The Prisoner Complaint is deficient because, with respect to his constitutional claims against the individual Defendants, Mr. Perotti fails to allege specific facts that demonstrate each named Defendant personally participated in the asserted constitutional violations. See Henry v. Storey, 658 F.3d 1235, 1241 (10th Cir. 2011) (allegations of “personal participation in the specific constitutional violation complained of [are] essential”). Merely making vague and conclusory allegations that his rights have been violated does not entitle a pro se pleader to a day in court, regardless of how liberally the court construes such pleadings. See Ketchum v. Cruz, 775 F.Supp. 1399, 1403 (D. Colo. 1991), aff’d, 961 F.2d 916 (10th Cir. 1992). Thus, “in analyzing the sufficiency of the plaintiff’s complaint, the court need accept as true only the plaintiff’s well-pleaded factual contentions, not his conclusory allegations.” Hall, 935 F.2d at 1110. Furthermore, neither the court nor the Defendants are required to guess in order to determine what specific claims are being asserted and what specific factual allegations support each claim. The general rule that pro se pleadings must be construed liberally has limits and “the court cannot take on the responsibility of serving as the litigant’s attorney in constructing arguments and searching the record.” Garrett v. Selby Connor Maddux & Janer, 425 F.3d 836, 840 (10th Cir. 2005); see also United States v. Dunkel, 927 F.2d 955, 956 (7th Cir. 1991) (“Judges are not like pigs, hunting for truffles buried in briefs.”).

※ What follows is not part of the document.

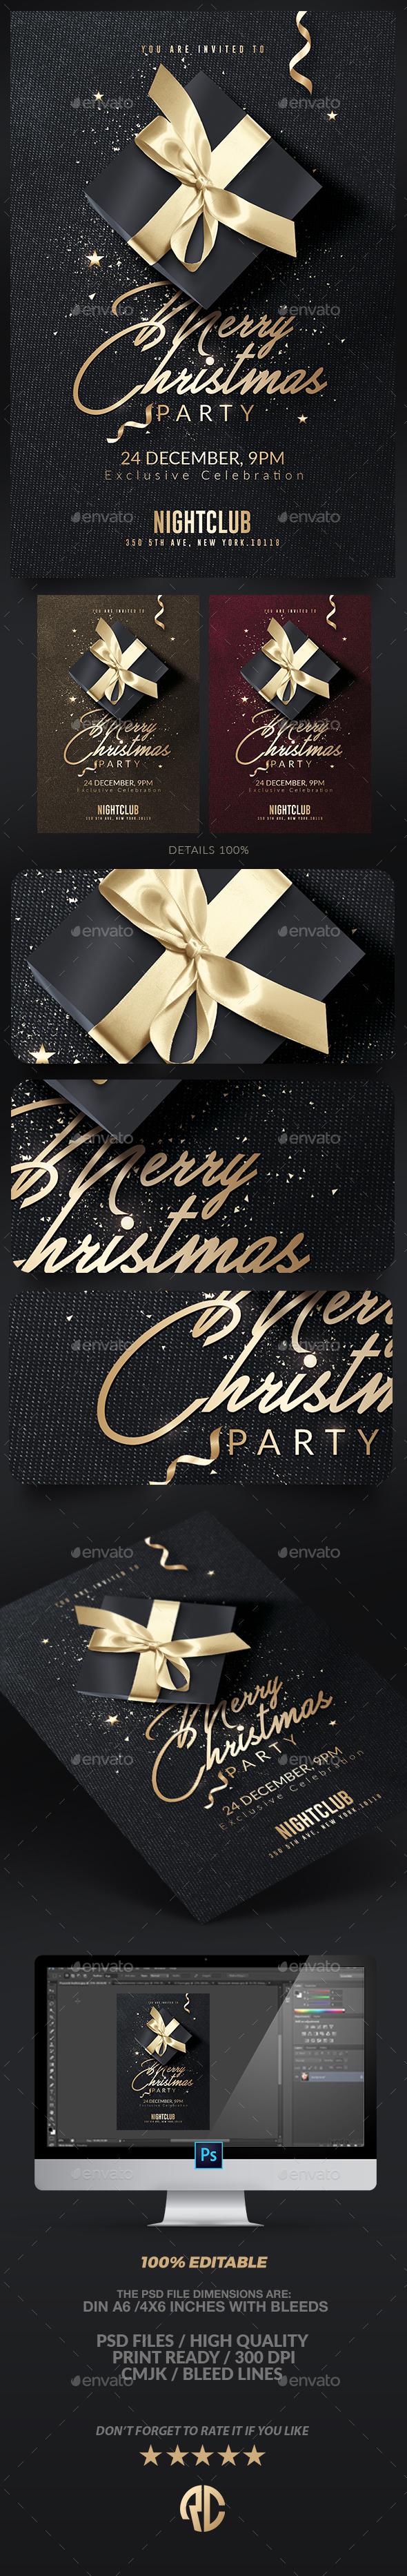 Classy Christmas Invitation | Psd Flyer - Events Flyers
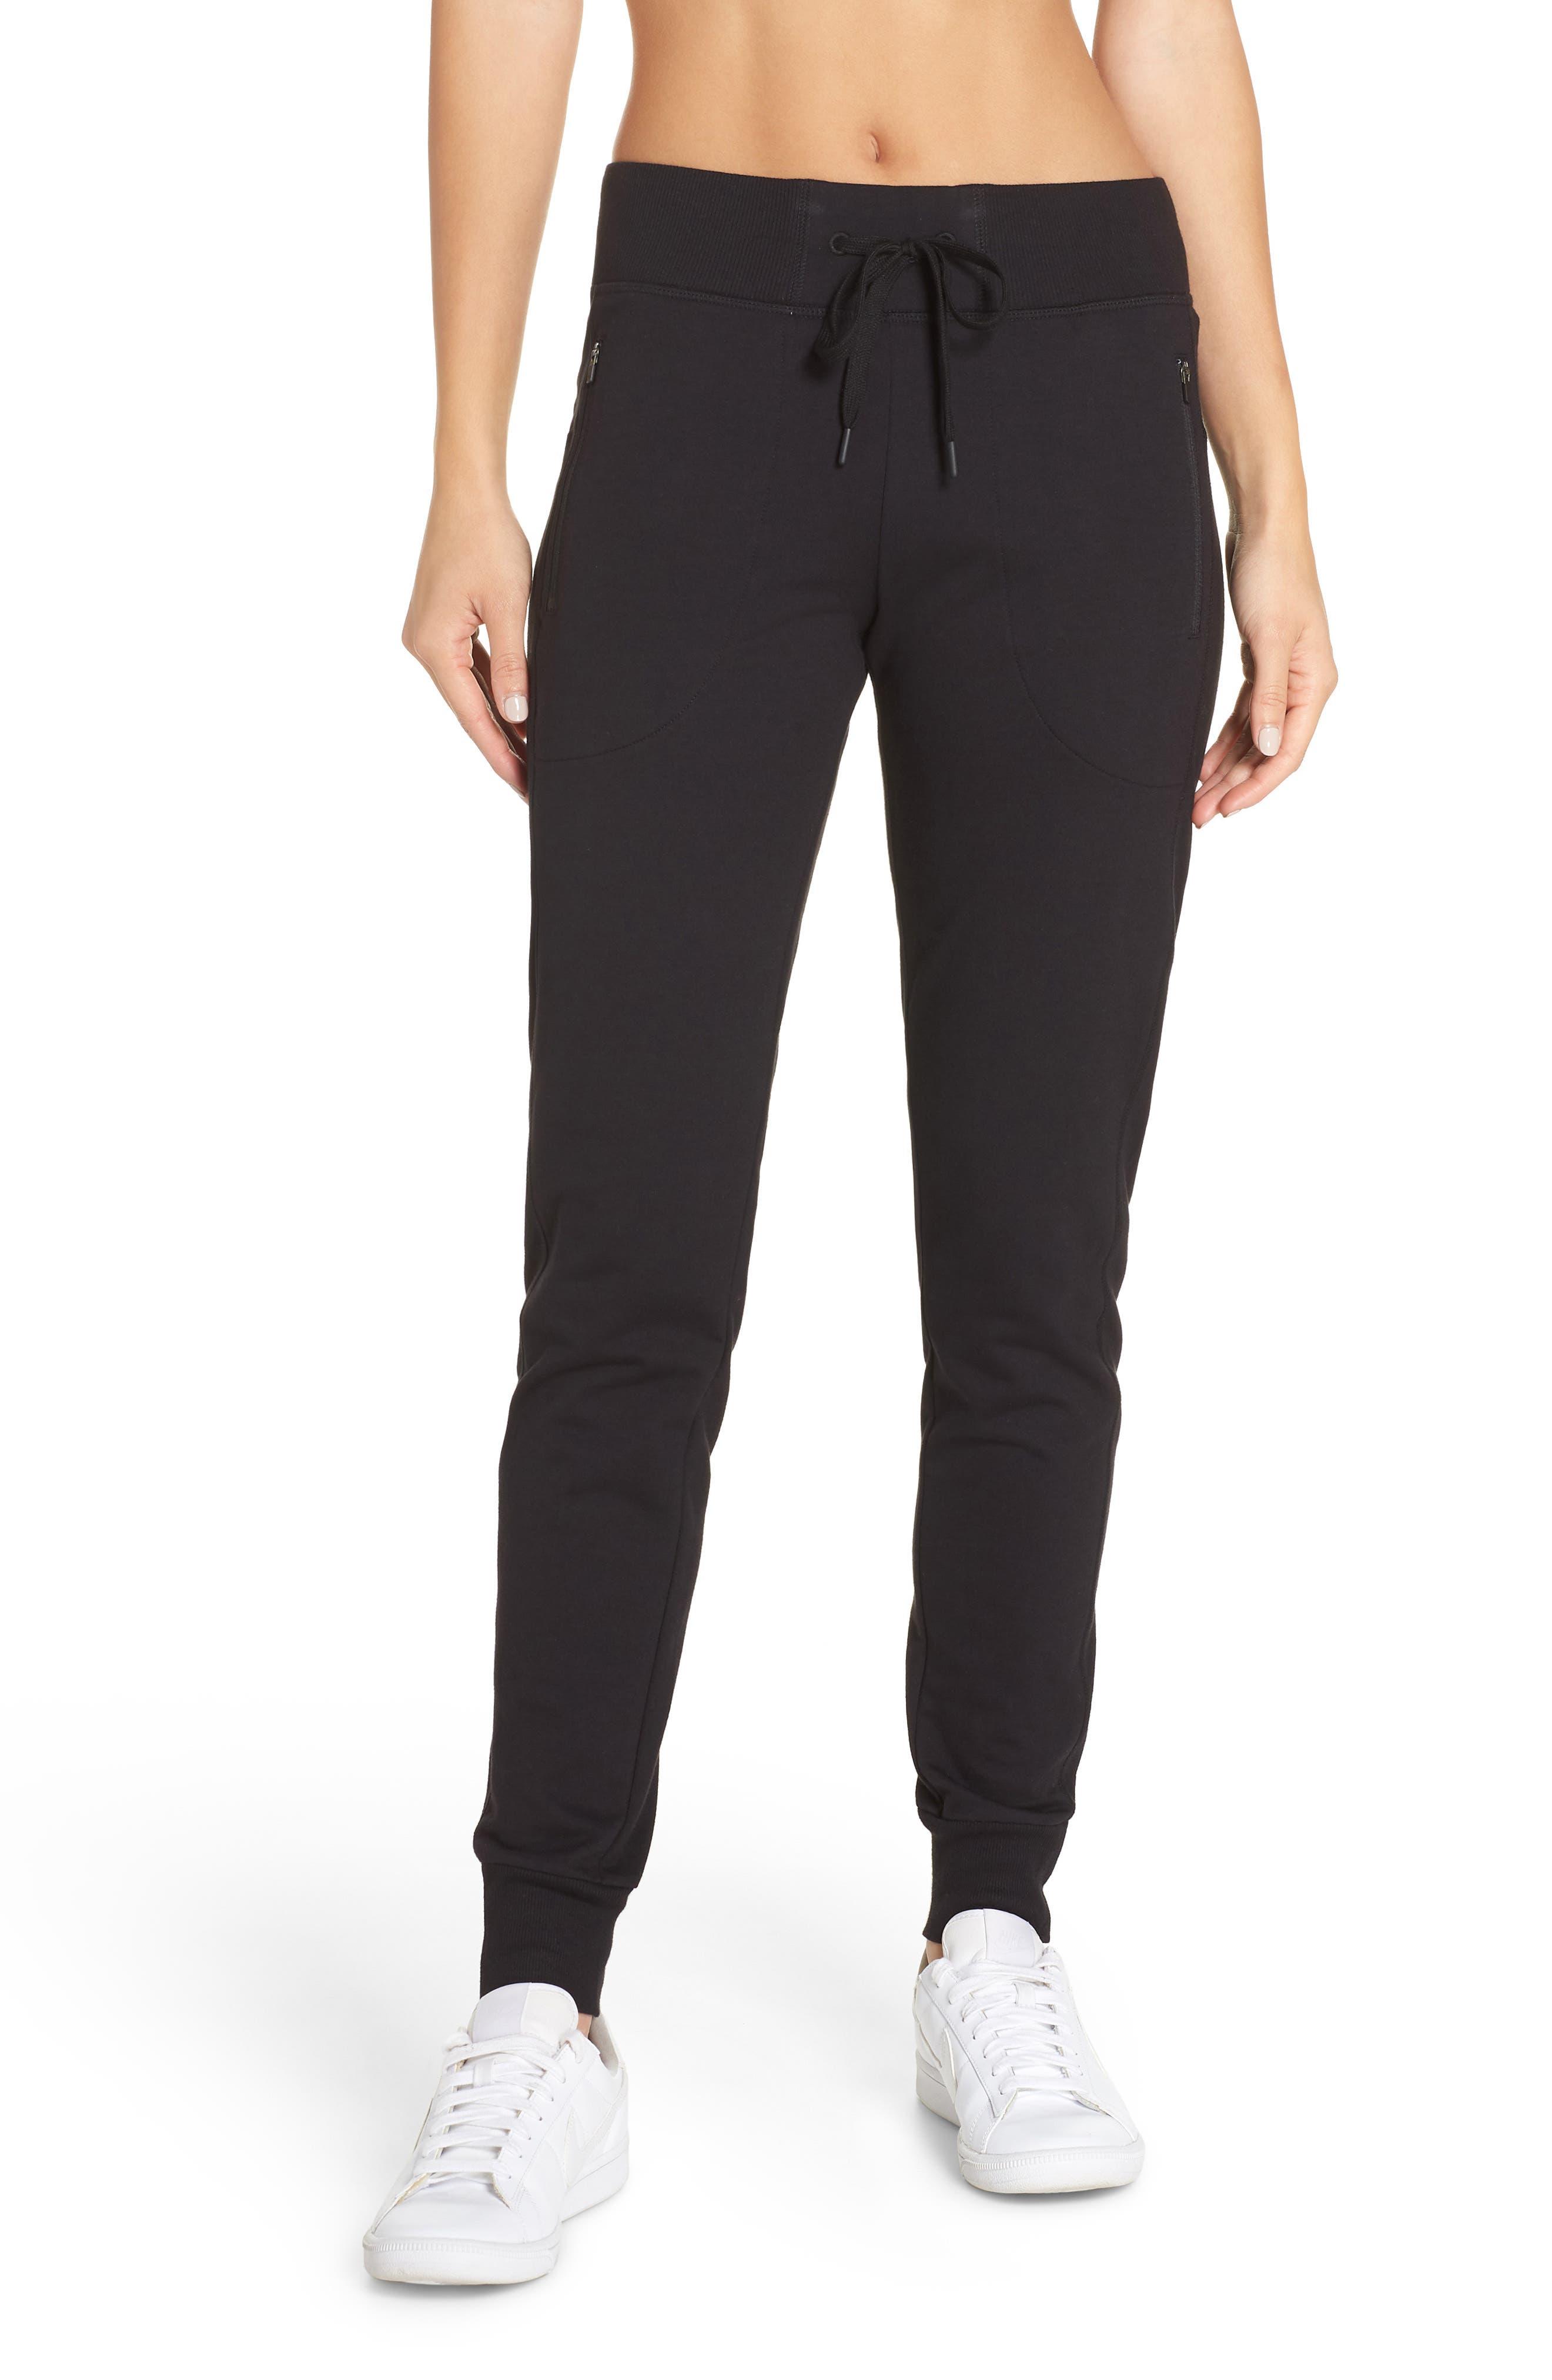 Taryn Sport Knit Pants,                             Main thumbnail 1, color,                             Black

For these reasons, Mr. Perotti will be directed to file a second amended complaint. Mr. Perotti must identify the specific claims he is asserting, the specific factual allegations that support each claim, against which Defendant or Defendants he is asserting each claim, and what each Defendant did that allegedly violated his rights. See Nasious v. Two Unknown B.I.C.E. Agents, 492 F.3d 1158, 1163 (10th Cir. 2007) (noting that, to state a claim in federal court, “a complaint must explain what each defendant did to him or her; when the defendant did it; how the defendant’s action harmed him or her; and, what specific legal right the plaintiff believes the defendant violated”). “Under Bivens, an individual has a cause of action against a federal official in his individual capacity for damages arising out of the official’s violation of the United States Constitution under color of federal law or authority.” See Dry v. United States, 235 F.3d 1249, 1255 (10th Cir. 2000). To the extent Mr. Perotti is naming supervisory officials as defendants, a defendant may not be held liable for the unconstitutional conduct of his or her subordinates on a theory of respondeat superior. See Ashcroft v. Iqbal, 556 U.S. 662, 676 (2009). Although a defendant can be liable in a Bivens action based on his or her supervisory responsibilities, a claim of supervisory liability must be supported by allegations that demonstrate personal involvement, a causal connection to the constitutional violation, and a culpable state of mind. See Schneider v. City of Grand Junction Police Dept., 717 F.3d 760, 767-69 (10th Cir. 2013) (discussing standards for supervisory liability). Accordingly, it is ORDERED that Mr. Perotti file, within thirty (30) days from the date of this order, a second amended complaint as directed in this order. It is FURTHER ORDERED that Mr. Perotti shall obtain the court-approved Prisoner Complaint form (with the assistance of his case manager or the facility’s legal assistant), along with the applicable instructions, at It is FURTHER ORDERED that, if Mr. Perotti fails to file a second amended complaint that complies with this order within the time allowed, the action will be dismissed without further notice.